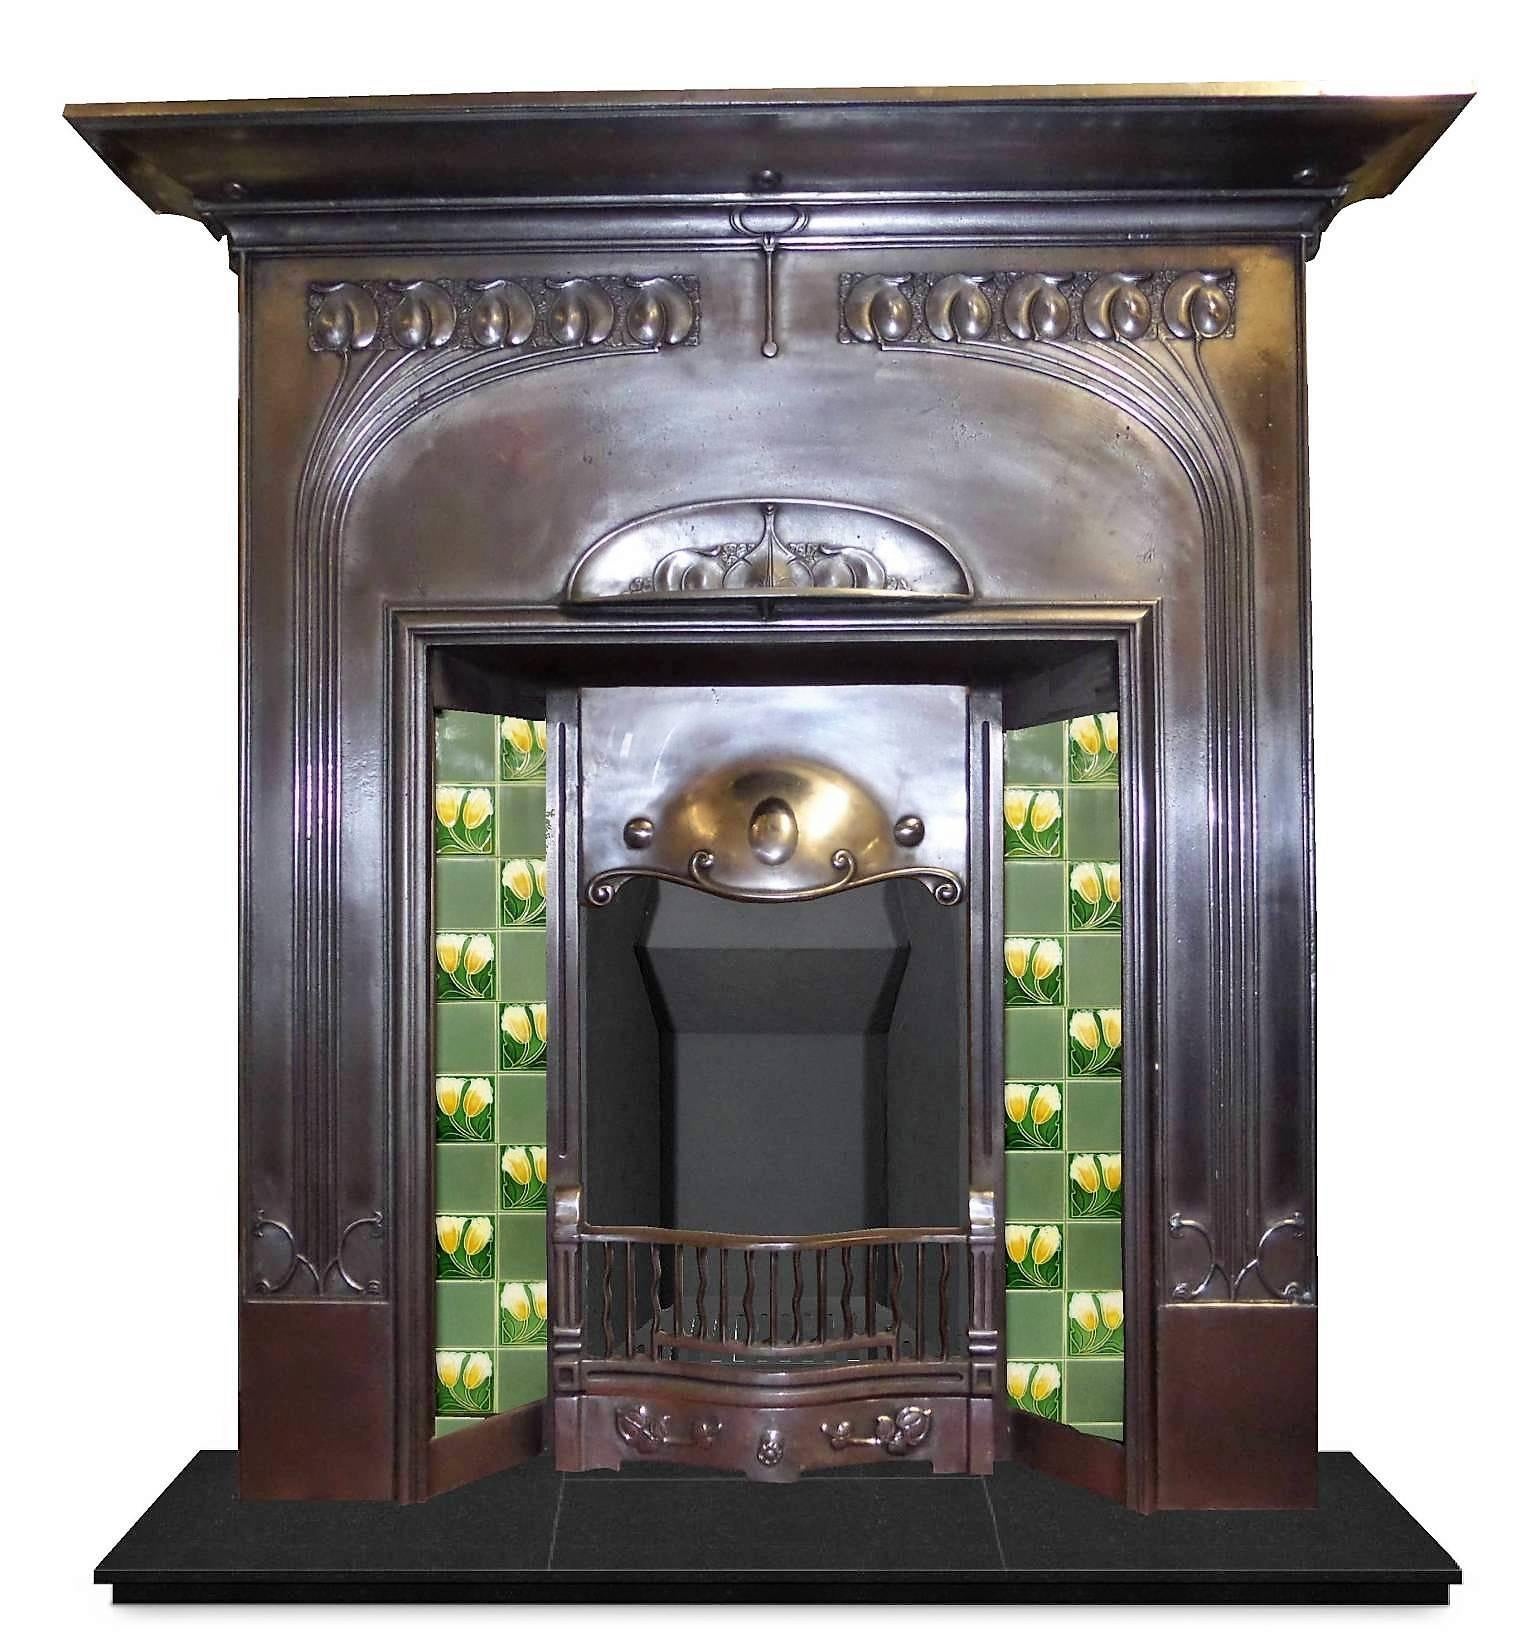 Late 19th Century Victorian Art Nouveau Semi Polished Fireplace with Tiles In Excellent Condition For Sale In Leicester, Leicestershire
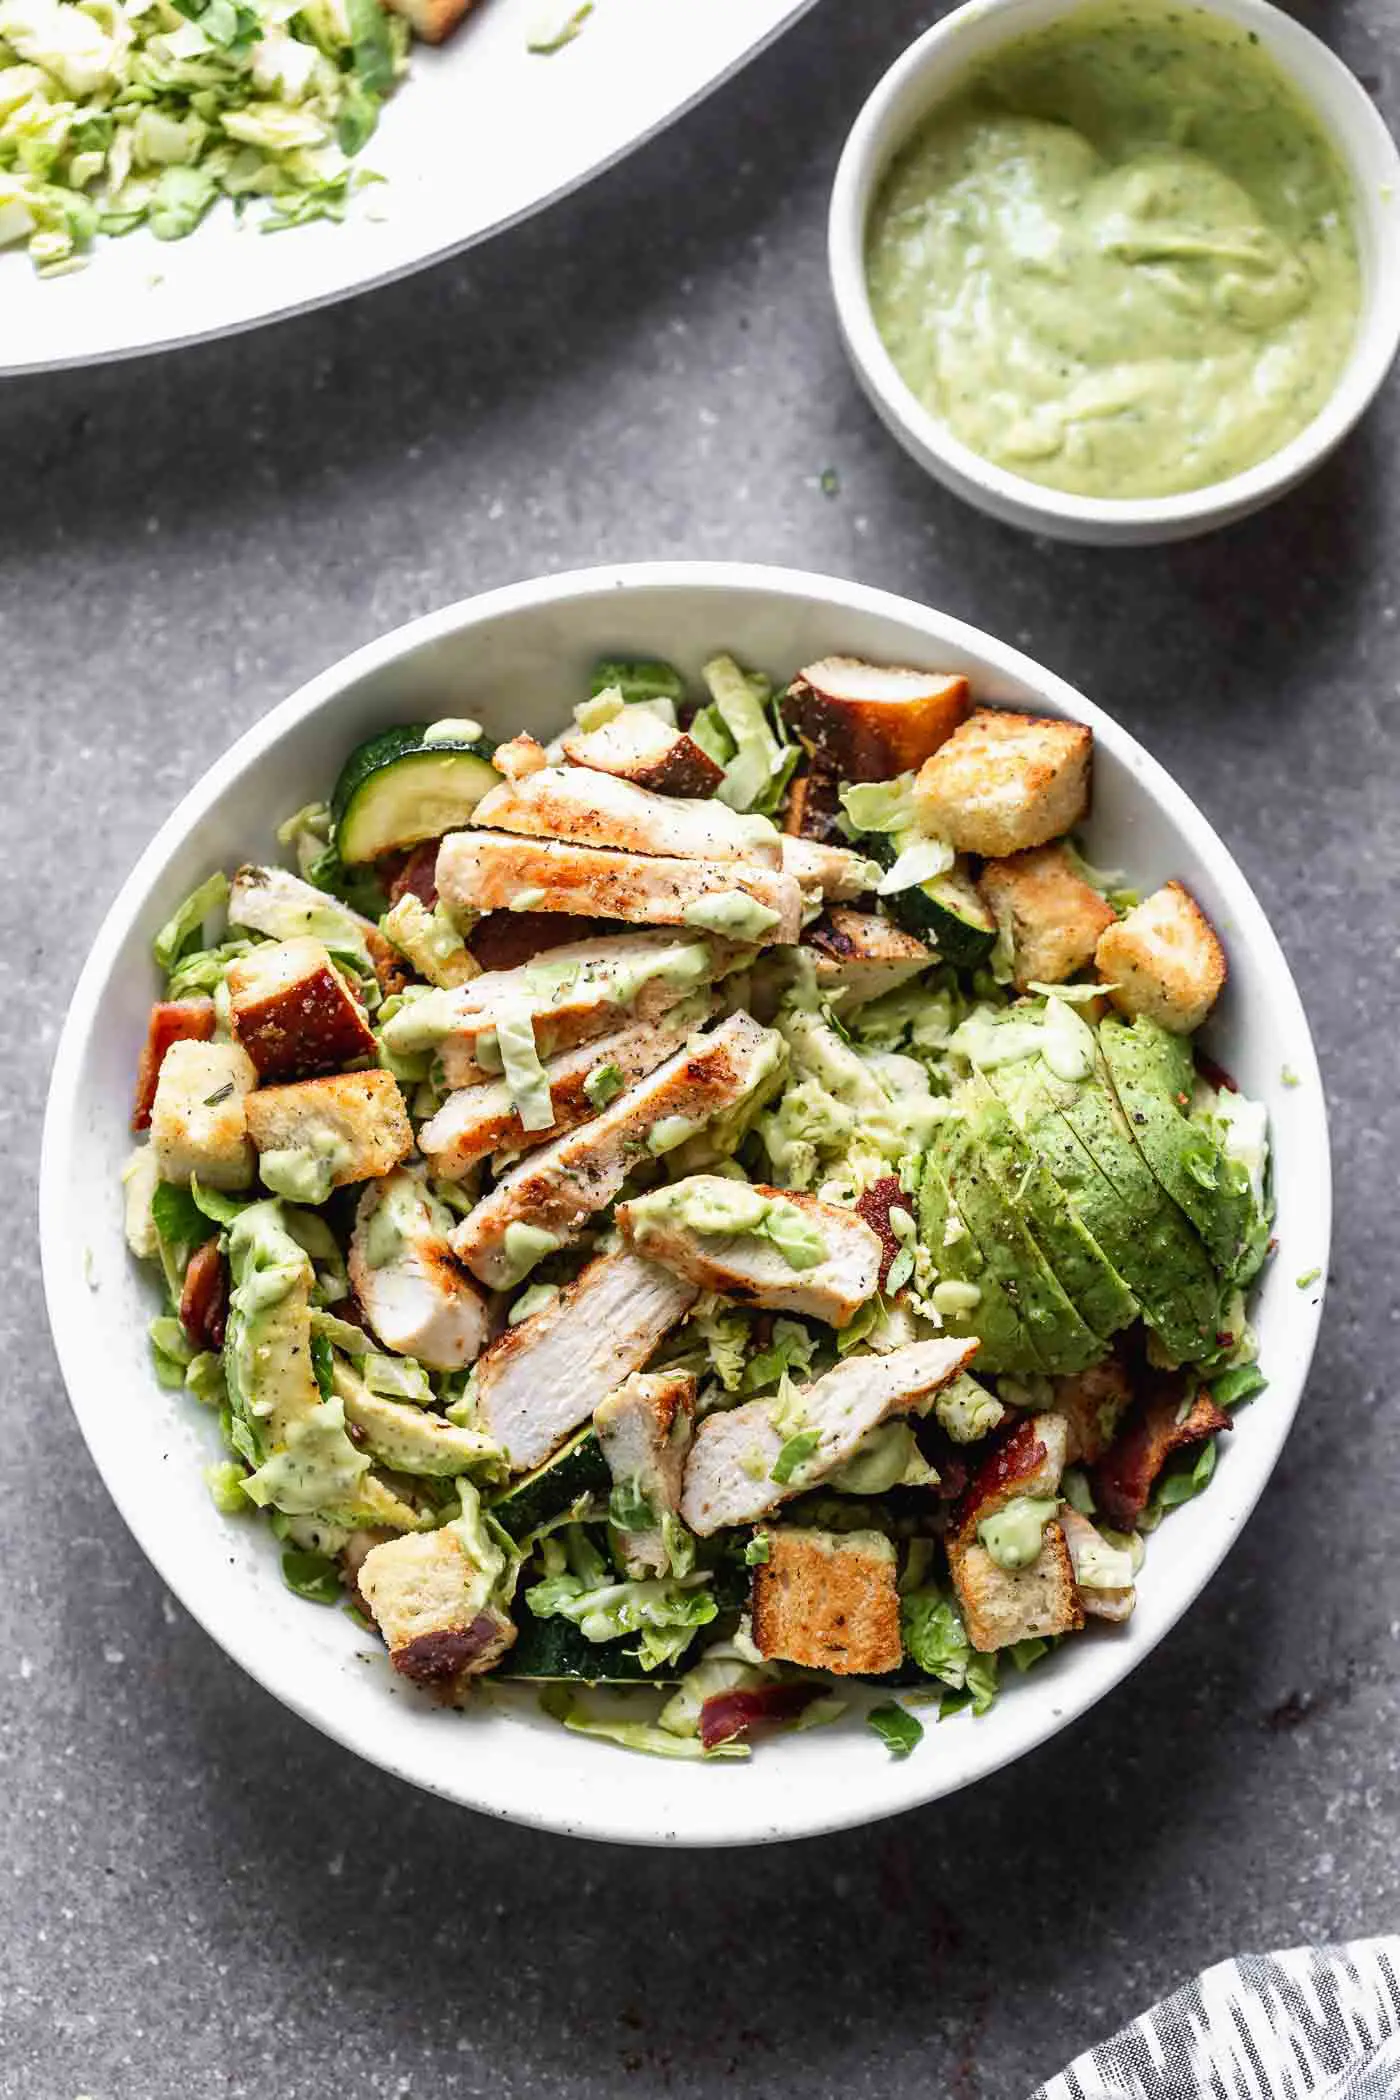 Our Brussels Sprout Green Goddess Salad with Bacon and Grilled&nbsp;Chicken is hearty, healthy, and one of the best salads you'll ever make. We toss shredded&nbsp;Brussels sprouts with grilled zucchini, grilled chicken, crispy bacon, and crunch&nbsp;croutons and then toss everything in an herb-packed dressing you'll want to smother on EVERYTHING.&nbsp;
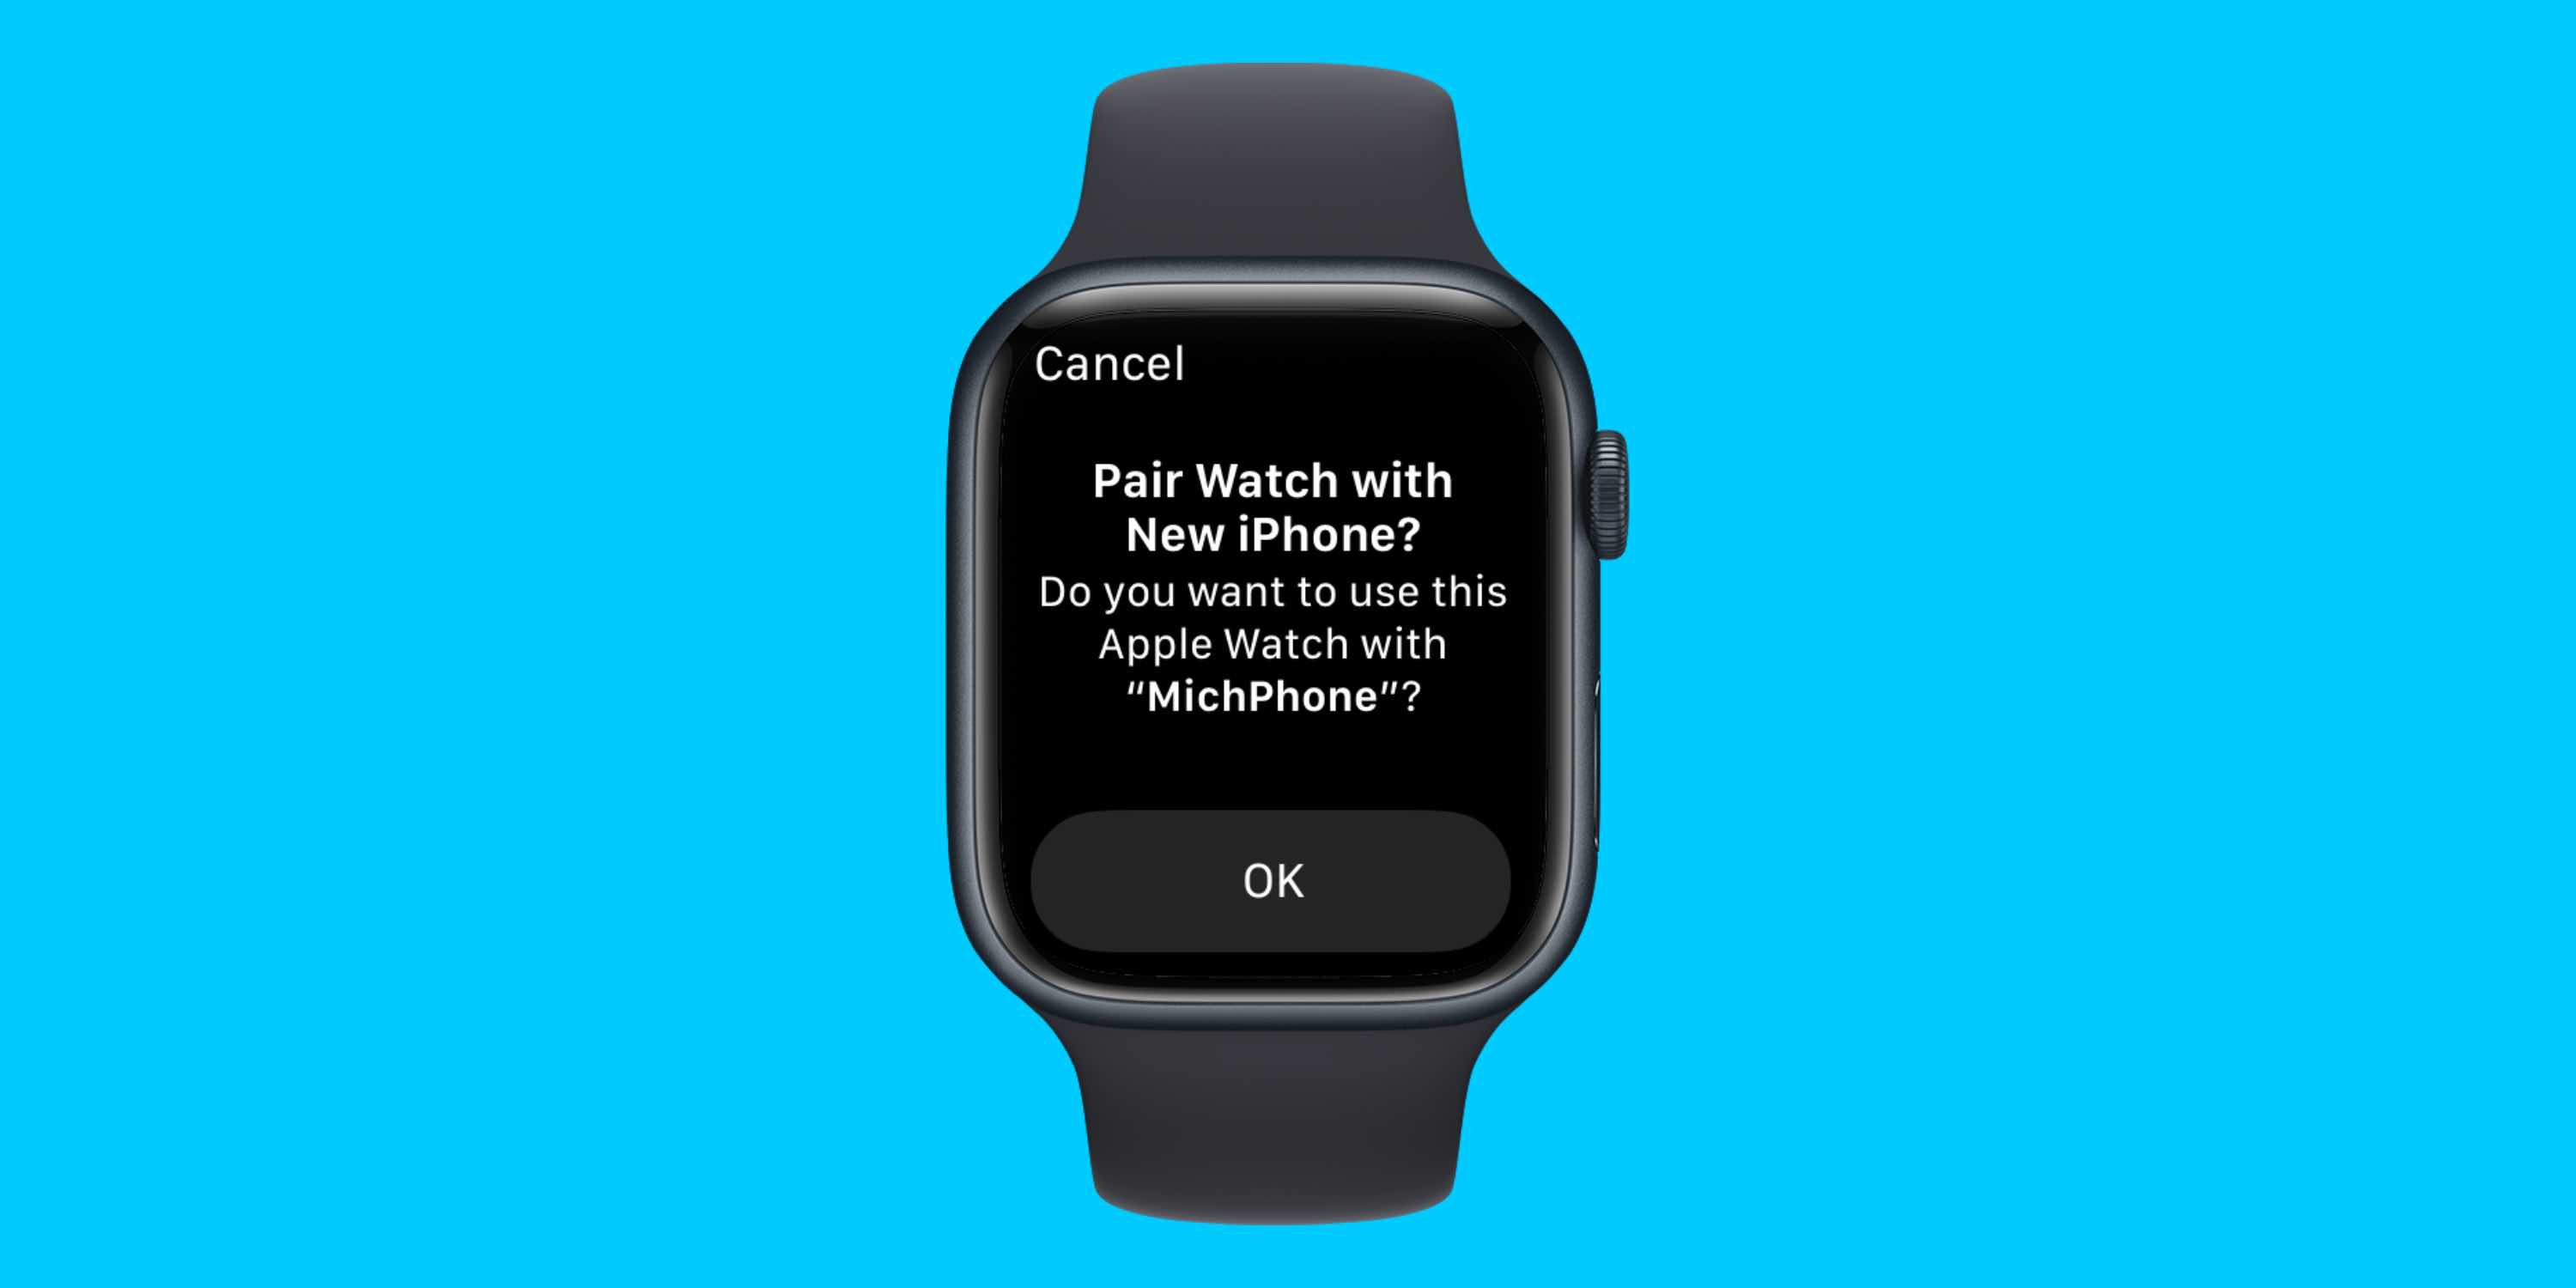 Pair your new iPhone with Apple Watch
━━━━━━━━━━━━━━━━━━━━
■ Your assignment: Reproduce the material above verbatim; omit every picture.

■ Response box:
 Late 19th Century Victorian Art Nouveau Semi Polished Fireplace with Tiles In Excellent Condition For Sale In Leicester, Leicestershire
 Our Brussels Sprout Green Goddess Salad with Bacon and Grilled&nbsp;Chicken is hearty, healthy, and one of the best salads you'll ever make. We toss shredded&nbsp;Brussels sprouts with grilled zucchini, grilled chicken, crispy bacon, and crunch&nbsp;croutons and then toss everything in an herb-packed dressing you'll want to smother on EVERYTHING.&nbsp;
 Pair your new iPhone with Apple Watch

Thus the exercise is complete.